Researched, written and submitted by: Eugene Heezen.



The Guelker Family

Guelker Family Story Continued - Update 2005

Frederick Louis Guelker came to America from Germany on a ship named Carl on November 10th 1859. The ship sailed from Bremerhaven to the Port of New Orleans, The story has it that two of his sisters came with him and that one died and was buried at sea. His sisters may have been married as no Female Guelkers are on the passenger list.

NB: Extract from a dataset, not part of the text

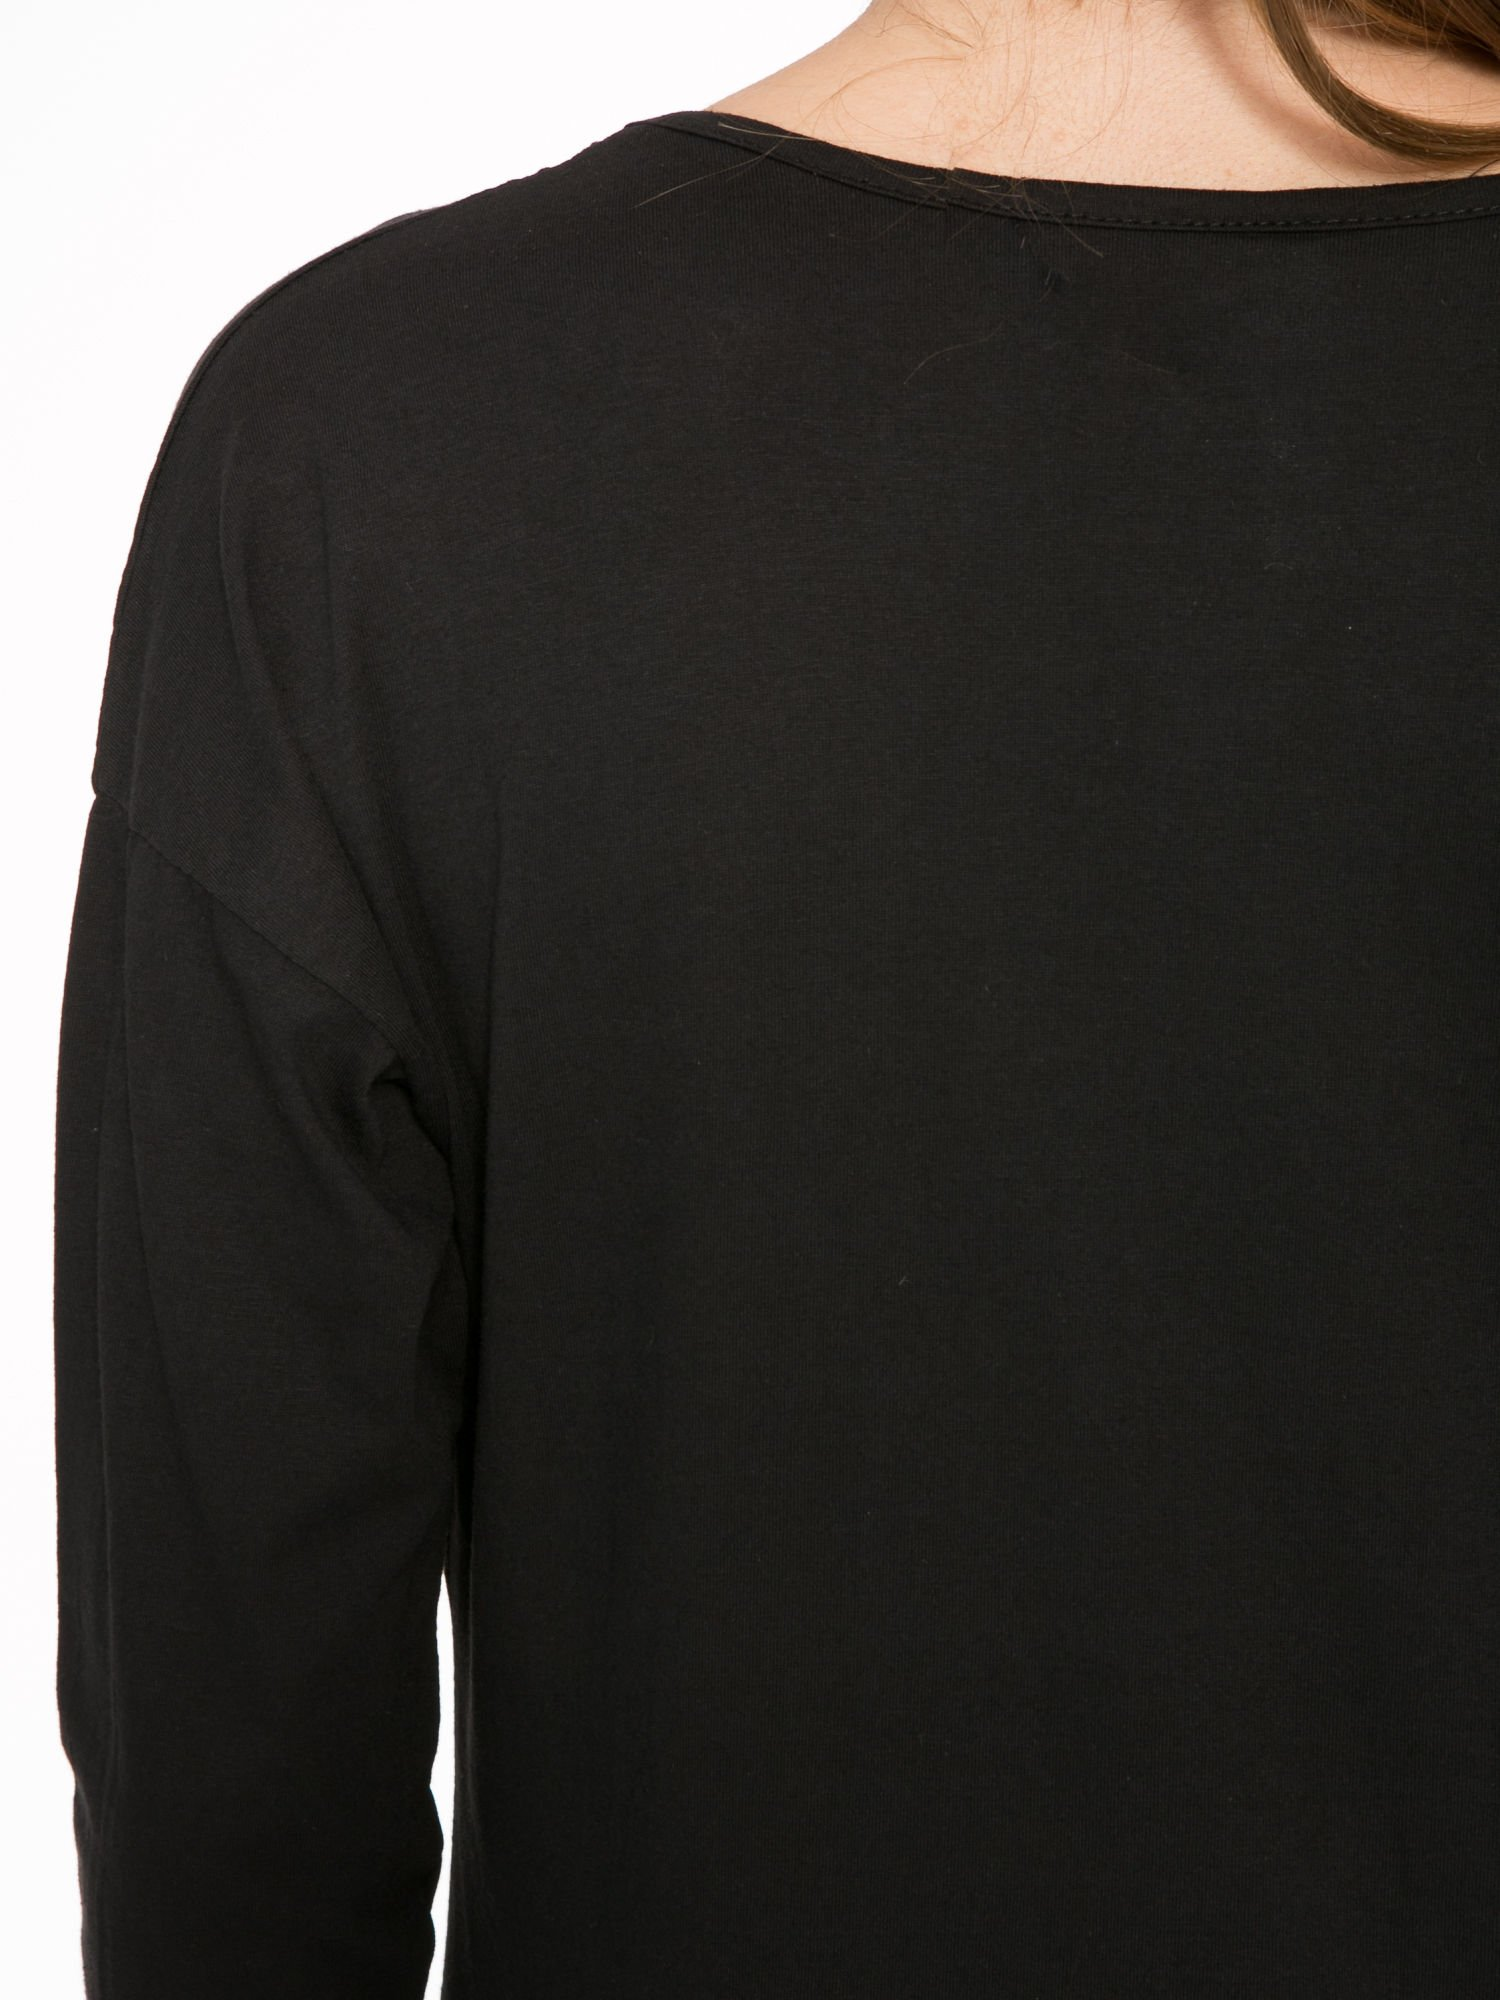 Czarna bluzka z nadrukiem Marylin Monroe                                  zdj.                                  9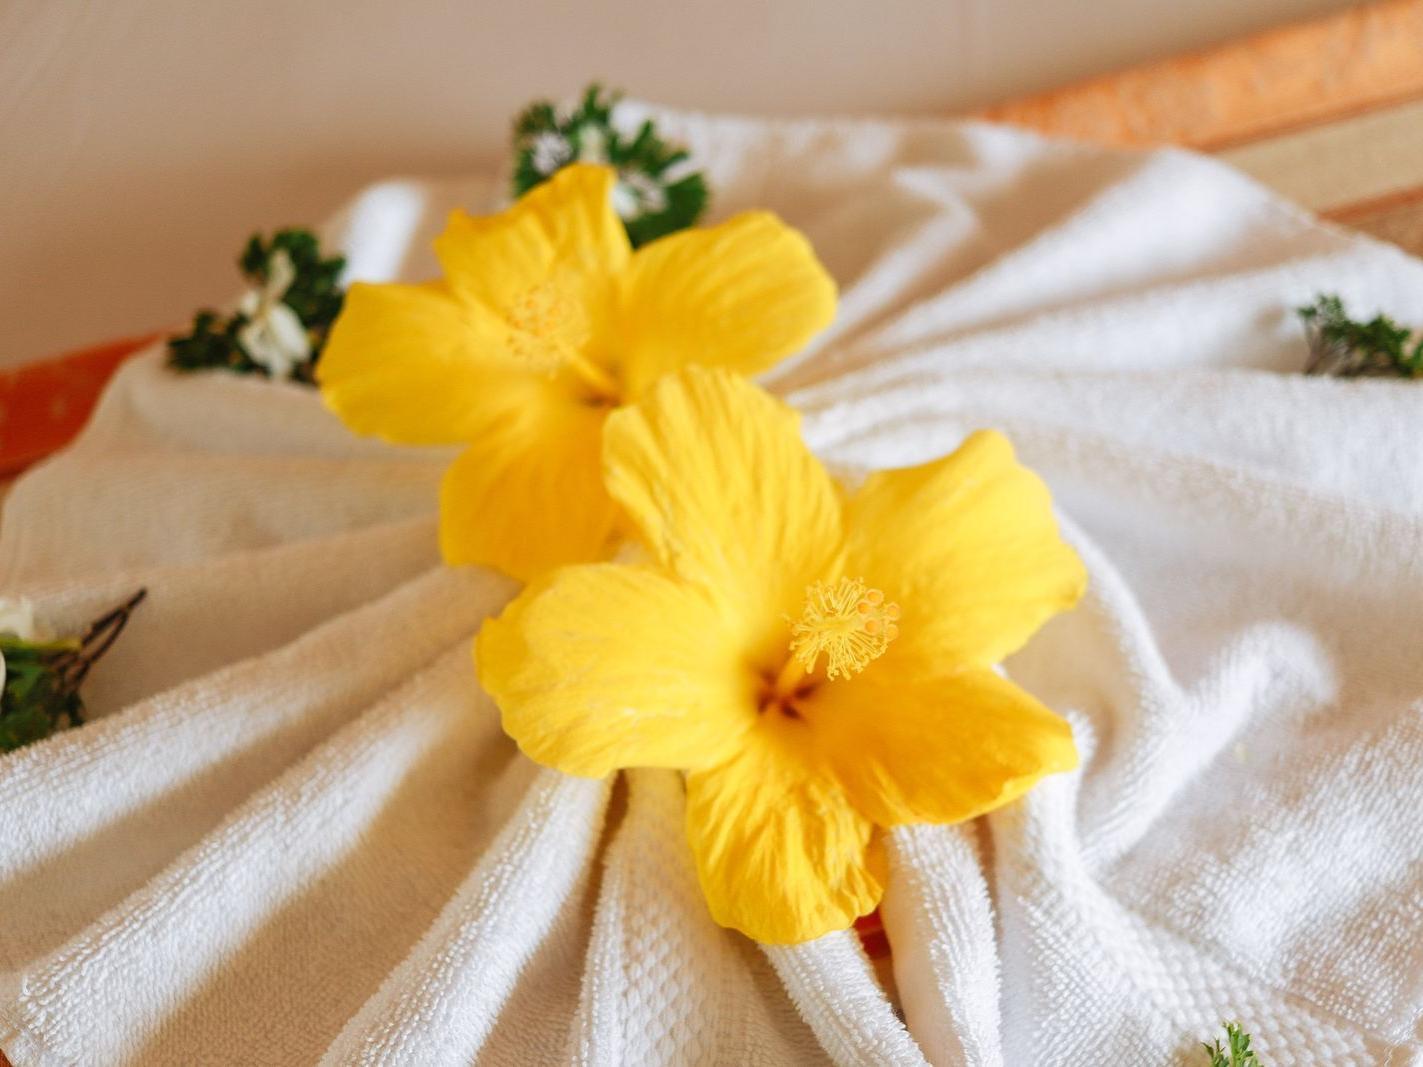 flowers on towel

Fred was a shoemaker. It is assumed that like so many other immigrants he was looking for a better life  in America. That was wishful thinking as civil unrest had been brewing in America for several years. The North and South were split and the lid blew off on April 12th, 1861 when the South fired on Fort Sumter, South Carolina, beginning the Civil War.
 
Three Civil War Veterans.
Tintype taken  in 1886 during the 25th Anniversary of the beginning of the war.
Left to right
Frederick Guelker, unknown, Adam Prinz 

Jim Holl Collection

On March 9th, 1862 Fred was enlisted in Company C, 20th Regiment, Louisianna Infantry at the New Orleans barracks by Lieutenant Colonel Boyd. Company C was known as "Reicherd's Rifles" under the command of Colonel Reicherd. Company C was engaged in the bloody battle of Shiloh, Tennessee where Fred was captured by the 14th Wisconsin Volunteers Infantry. His name appears on their list of prisoners dated May 28th, 1862. He was sent to St. Louis where he took an oath of allegiance to the Union.

On March 24th, 1863, Fred was enlisted into the 14th Illinois Cavalry by Lieutenant G. W. Hill at Illinois Town. He was well suited to the cavalry and was given the job as a saddler to Captain William R. Sanford. He took care of the saddles; not unlike his shoemaker occupation.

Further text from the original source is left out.